As the disease advances and the right side of the heart begins to fail, a different set of symptoms emerges. Swelling in the ankles, legs, and abdomen becomes noticeable. The veins in the neck may appear swollen and visibly pulsating. Skin can take on a bluish tint, especially in the fingers and lips, and extremities feel cold to the touch. Dizziness and fatigue become constant rather than occasional, and shortness of breath occurs even at rest.

How It’s Diagnosed

Diagnosis typically starts with noninvasive tests. An echocardiogram (an ultrasound of the heart) can estimate pulmonary artery pressure and show whether the right ventricle is enlarged or struggling. CT scans, lung function tests, and blood work help identify underlying causes like lung disease or blood clots.

The definitive test is right heart catheterization. A thin, flexible tube is threaded through a vein, usually in the neck or groin, into the right side of the heart and the pulmonary artery. This directly measures the pressure inside the pulmonary arteries, the pressure in the heart chambers, how much blood the heart pumps per minute, and the resistance the blood encounters in the lung vessels. A mean pulmonary artery pressure above 20 mmHg confirms pulmonary hypertension. Additional pressure readings help doctors determine which of the five groups is responsible.

Treatment Approaches

Treatment depends heavily on the underlying cause. Group 2 patients need their heart failure or valve disease addressed.
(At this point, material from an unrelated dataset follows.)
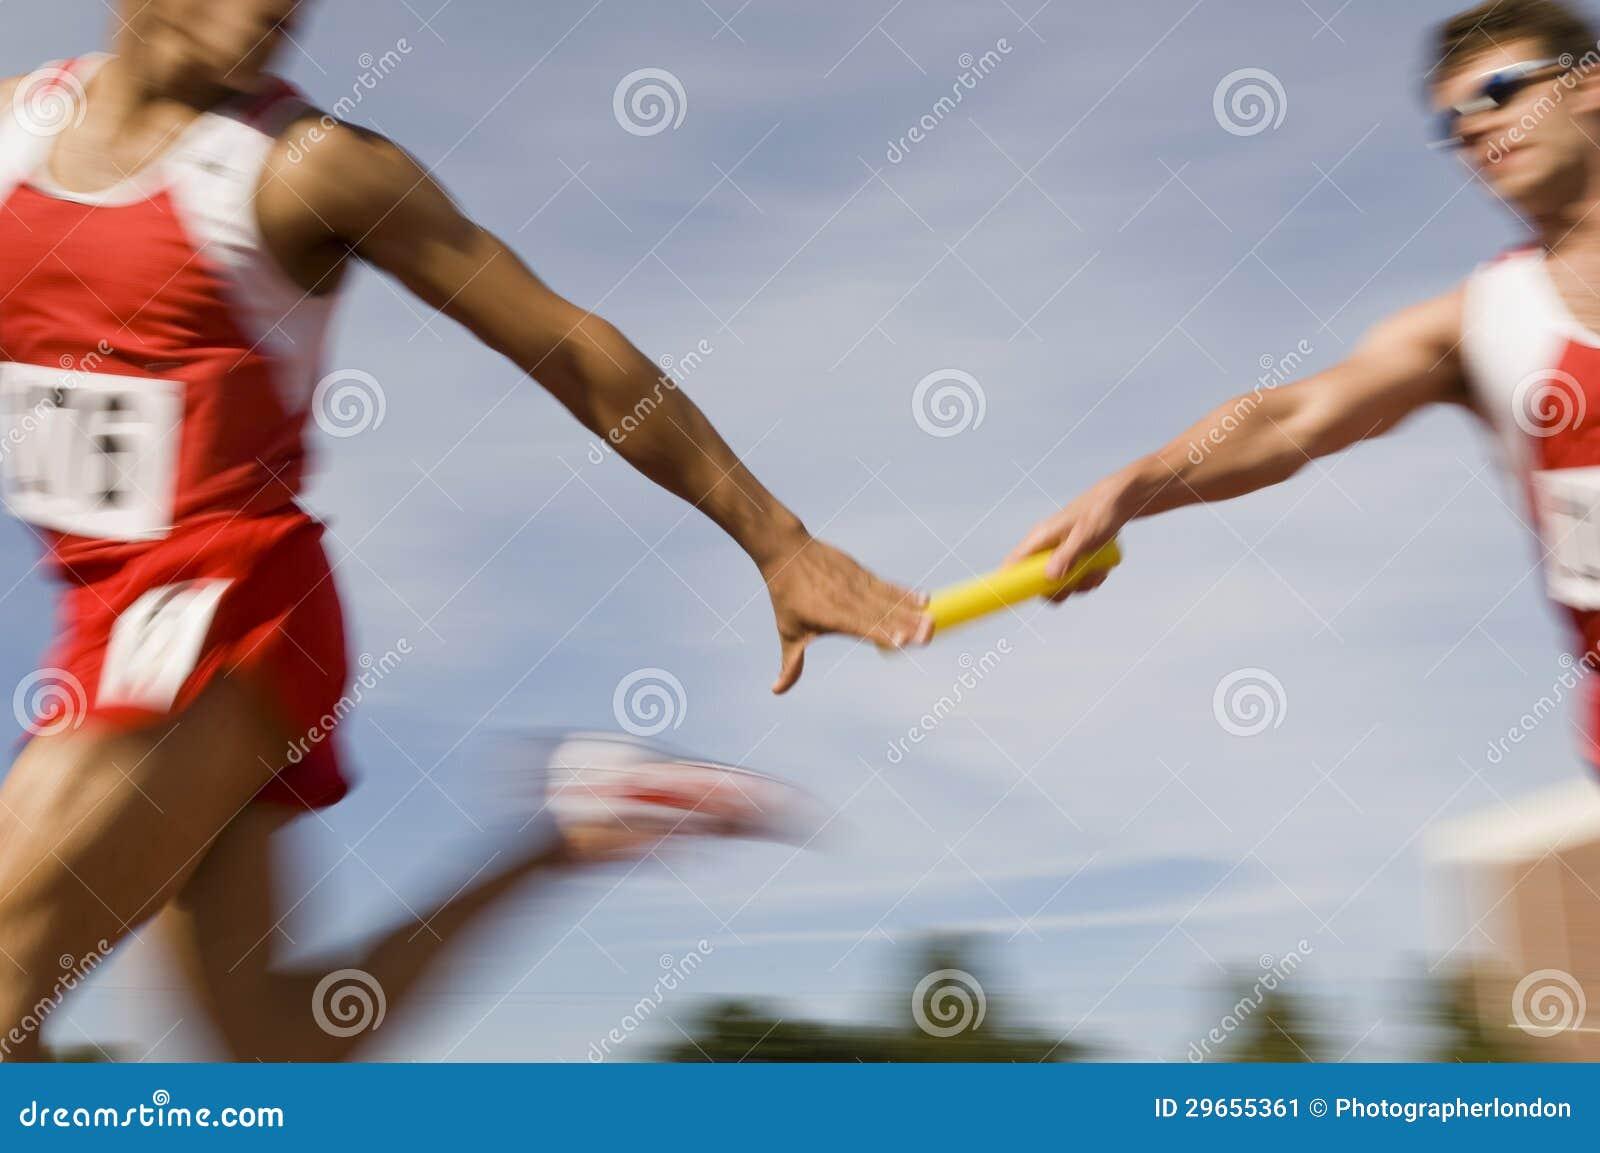 Runners Passing Baton In Relay Race

Group 3 patients benefit from treating the lung disease and supplemental oxygen. Group 4 patients with clot-related disease may be candidates for surgery.

Medications for PAH (Group 1)

Three signaling pathways in the body regulate how pulmonary arteries relax and constrict, and approved medications target each one. One class of drugs mimics a natural substance called prostacyclin, which widens blood vessels and prevents cells from clumping. Another class blocks a protein called endothelin that causes arteries to tighten. A third class works through the nitric oxide pathway, helping the smooth muscle in artery walls relax. Many patients take medications from two or even all three pathways simultaneously, a strategy called combination therapy that has improved outcomes significantly over the past two decades.
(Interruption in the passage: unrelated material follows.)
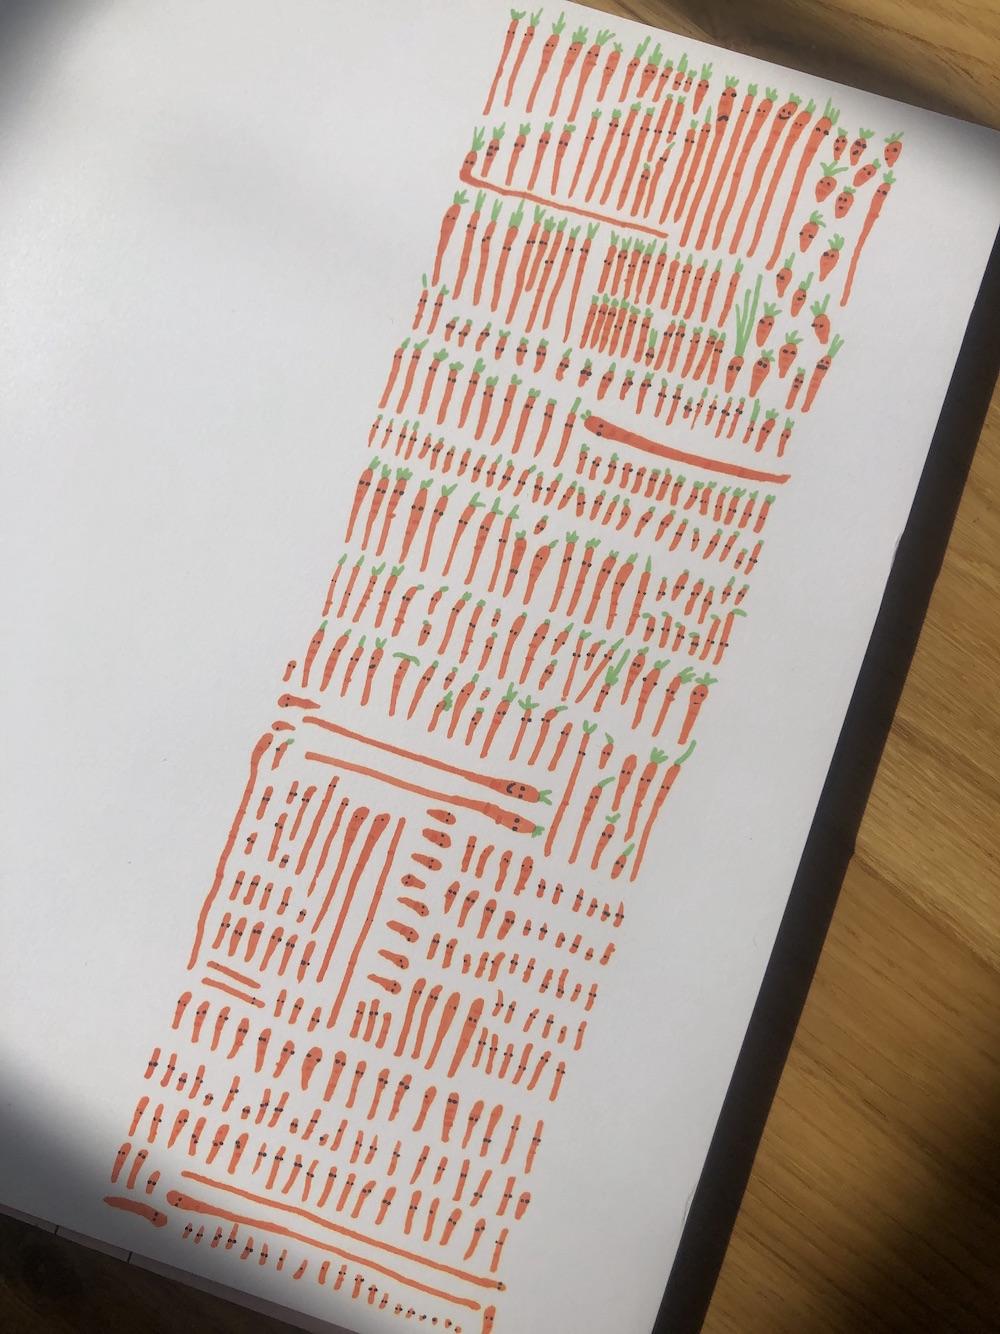 Carrots - John-Luke Roberts

Surgery for Chronic Blood Clots

For Group 4 patients whose clots are located in the larger, more accessible pulmonary arteries, a procedure called pulmonary endarterectomy can physically remove the clot material. It is a complex surgery, but outcomes are strong: patients who survive the procedure have a five-year survival rate around 90%, compared to a 60% to 70% one-year death rate for symptomatic patients left untreated. For clots that are too deep in the arteries for surgery, balloon procedures and targeted medications offer alternatives.

Survival and Outlook

Before modern treatments became available in the 1980s, only about 36% of people with PAH survived five years. Current therapies have dramatically improved that picture. Recent data from specialized centers show one-year survival around 96% and five-year survival near 87%, though these numbers vary considerably depending on the specific cause. Patients whose PAH is linked to congenital heart disease tend to fare better, with five-year survival around 74%. Those with connective tissue diseases like scleroderma face a harder road, with five-year survival closer to 43%.

Early detection makes a meaningful difference. Patients diagnosed before the right side of the heart starts failing respond better to treatment and maintain a higher quality of life. Risk scoring tools now help doctors tailor treatment intensity to each patient’s profile, escalating therapy quickly for those at higher risk rather than taking a wait-and-see approach.